Culture in the core of enterprise collaboration
Cisco has announced several new and enhanced software applications for instant messaging, email, social networking, videoconferencing and software collaboration, including document and video sharing. Some of these new products will compete directly with similar products offered by partners such as Microsoft and IBM.
Having a comprehensive collaboration strategy will help Cisco to enable new possibilities for enterprises and create increasing demand for collaboration services, including video. It is unsurprising that Cisco is pushing to have everything video-enabled to accelerate the refresh of enterprises’ network infrastructure, which is still its core business.
However, cultural issues and behaviour dynamics suggest that video will have less appeal in some markets than others. This is reflected in different cultural preferences across the region. In some Asian countries, people will be less inclined to use video communication and will prefer true face-to-face meetings or more traditional forms of communication. For example, our research with SMEs shows that SMEs expect personal video collaboration to be four times more common in Australia than in Japan in the next two years.
Culture is important but behavioural changes will be the challenge
Cisco’s collaboration strategy focuses on three main points: technology, process and culture. We were pleased to see Cisco highlighting culture as an important factor in the collaboration story, especially in Asia-Pacific where countries and companies are highly diverse. In our view, culture is a key factor in building the business case for collaboration. Increased collaboration will translate into business benefits according to the profile, culture and social character of each enterprise. Not every company will value collaboration to the same degree.

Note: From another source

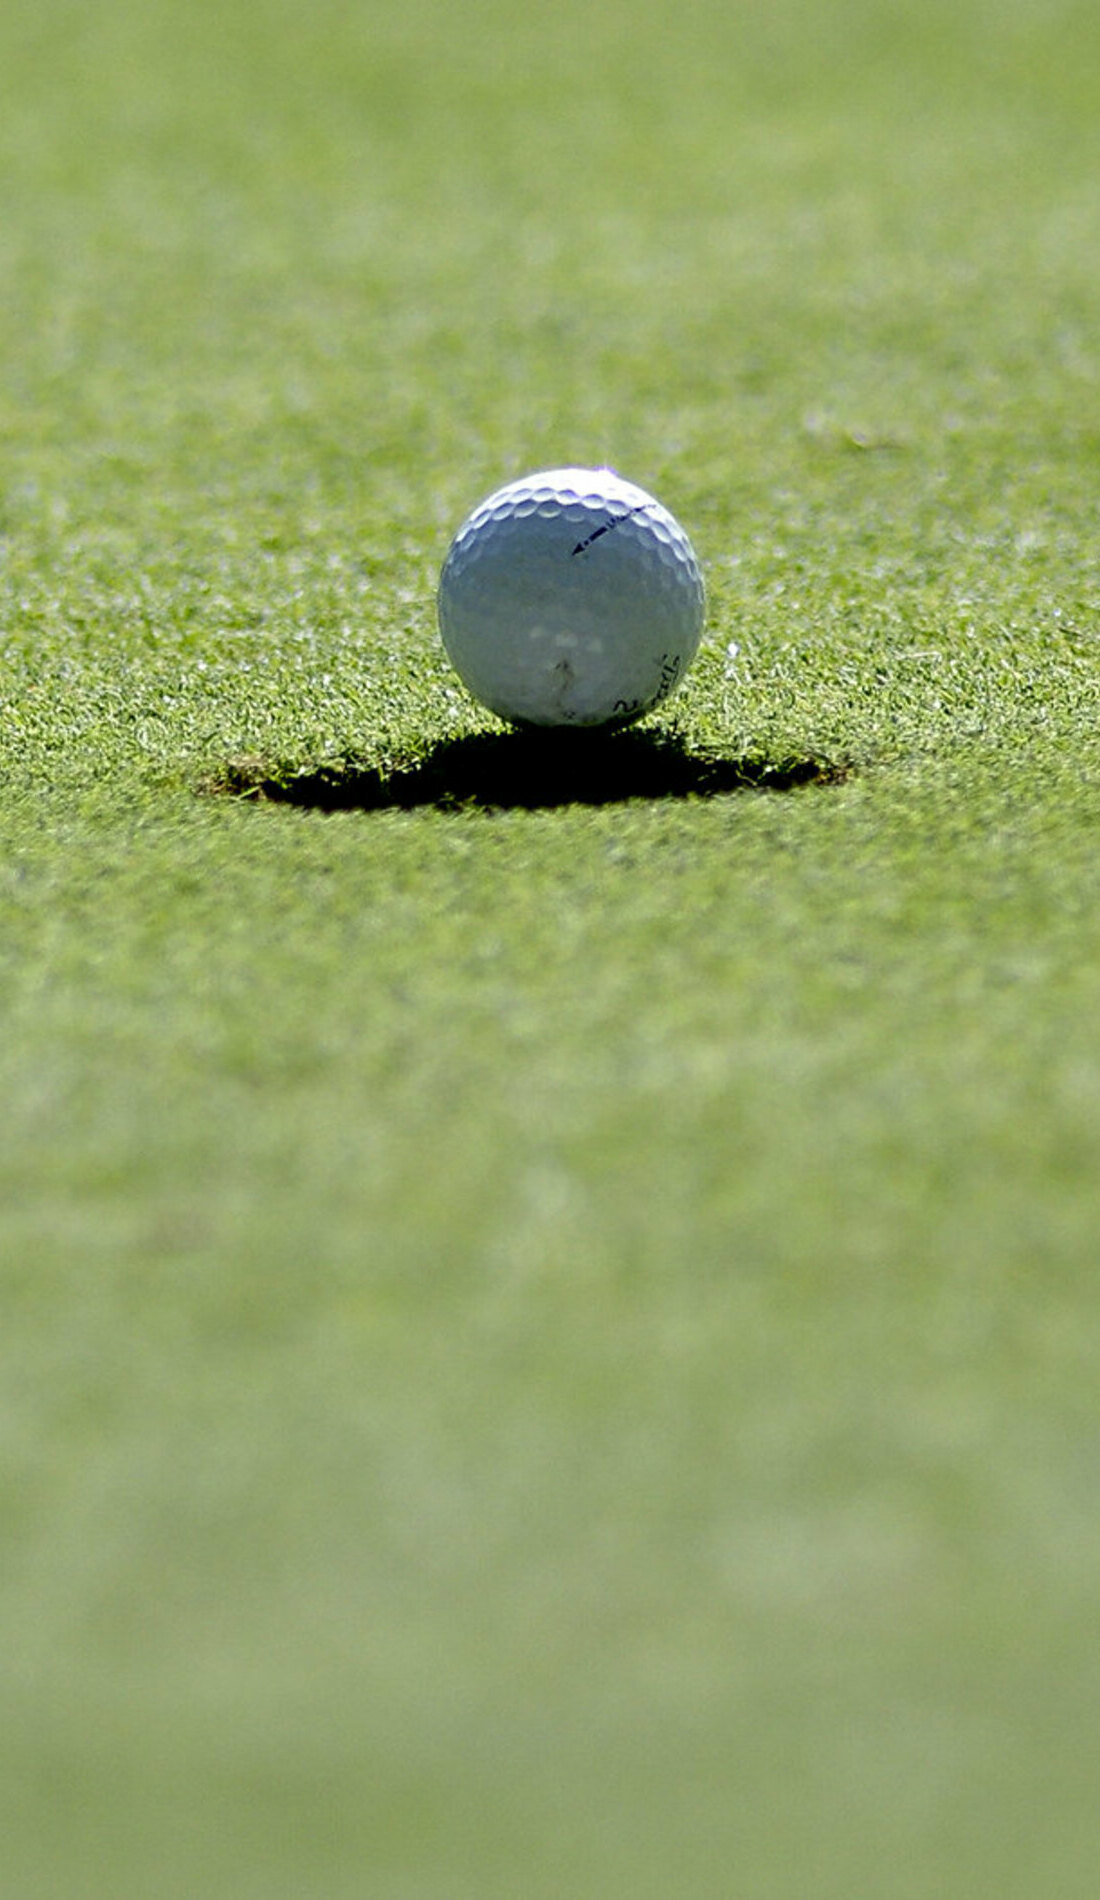 Tpc golf tournament new orleans 2017
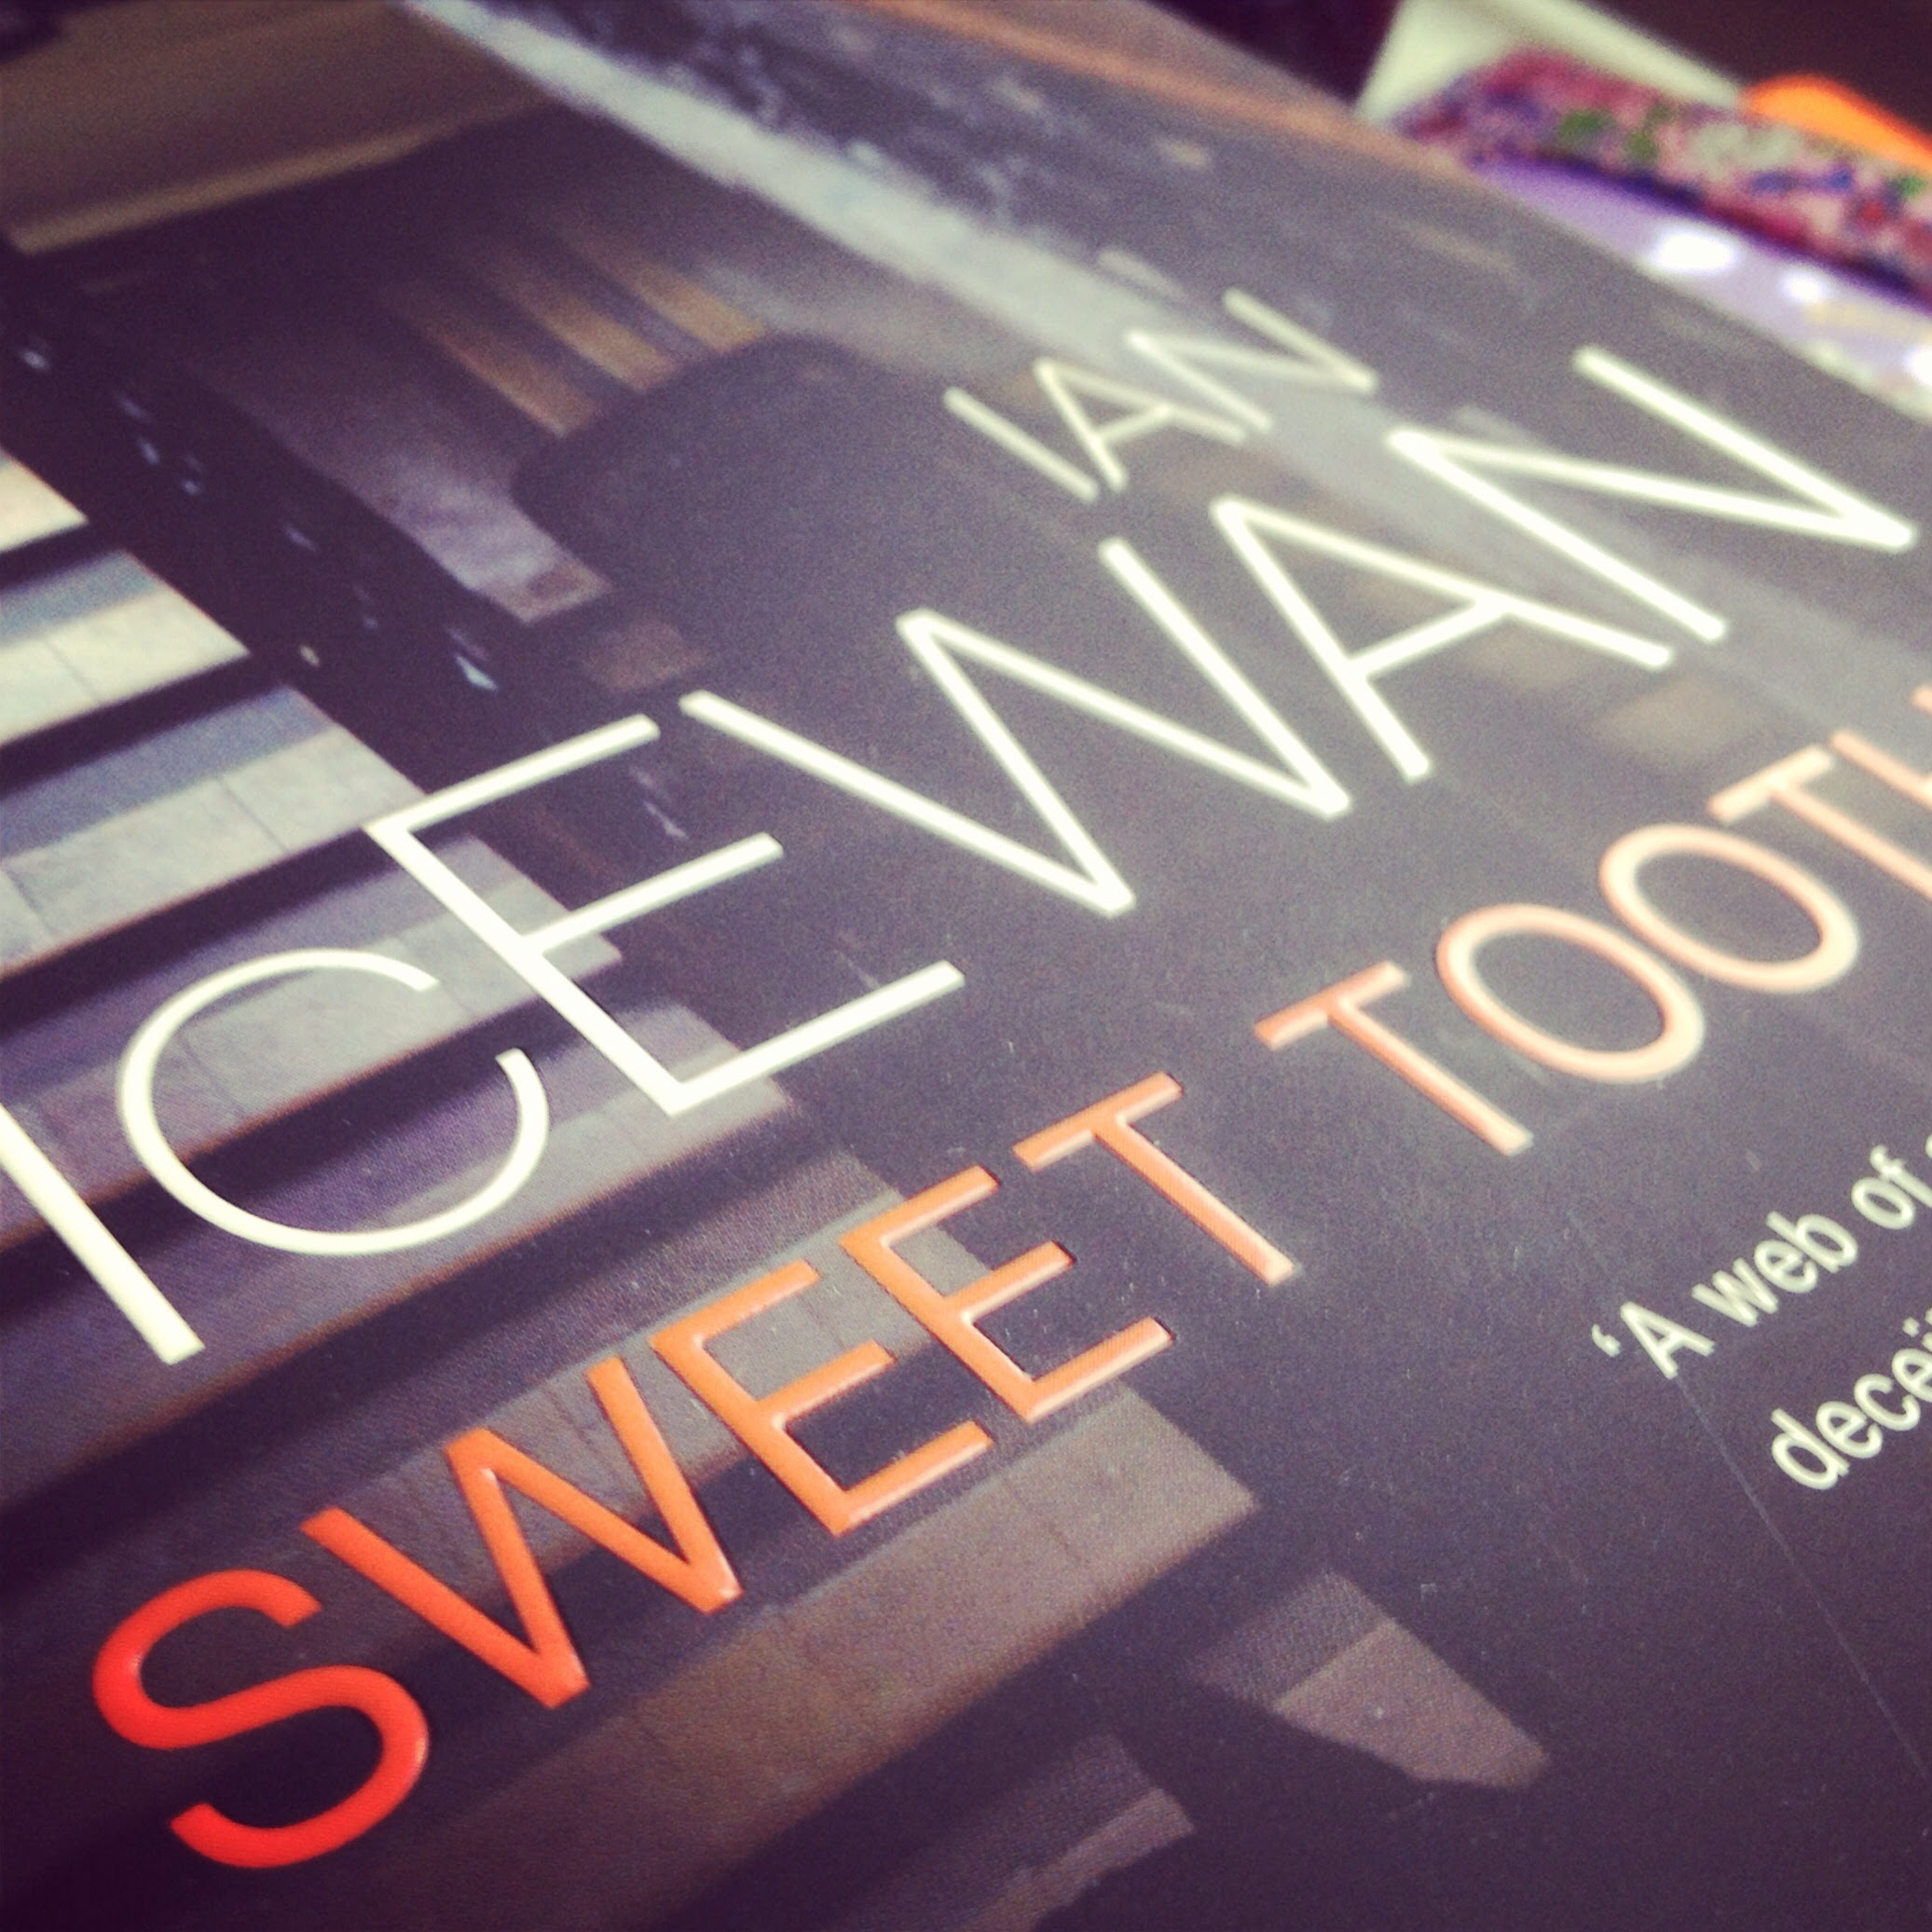 Sweet Tooth, Ian McEwan

We see three main factors defining the corporate culture. The first is the nature of the business – a bank is normally different to a hospital or a government agency. The second is how a company is managed. Two banks in the same country may have different corporate cultures. This is normally defined by the CEO and the management team, and the CIO generally has a more supporting role providing the tools and applications that the business requires – although some also have a higher influence in the business. Last, but perhaps most important, is the difference between country cultures. Countries have different labour regulations, privacy rules, personal habits and historical backgrounds that will also define how much people will want to collaborate and partake in video conferencing. It is still unclear how Cisco will address all these cultural factors and deliver its strategy. We expect its partners will play a major role, and Cisco will need to shift its focus slightly from technology to business process consulting when selecting partners.
In addition, Cisco can’t avoid the issue of user behaviour. Telepresence is helping to introduce many people to collaboration services. The life-size and high-definition qualities of telepresence offer users the same feeling as a real meeting. Perhaps this is the main reason for its success. On the other hand, to get the most out of the full range of realtime collaboration tools users will need to decide between different applications and manage their presence status in a dynamic way. This will require behavioural change, which is normally the hardest part of the processes. Furthermore, companies will need to work on best practices around the management of presence information, and solutions will initially rely on users’ input. Cisco will have to back its partners in supporting end users with training and educational processes.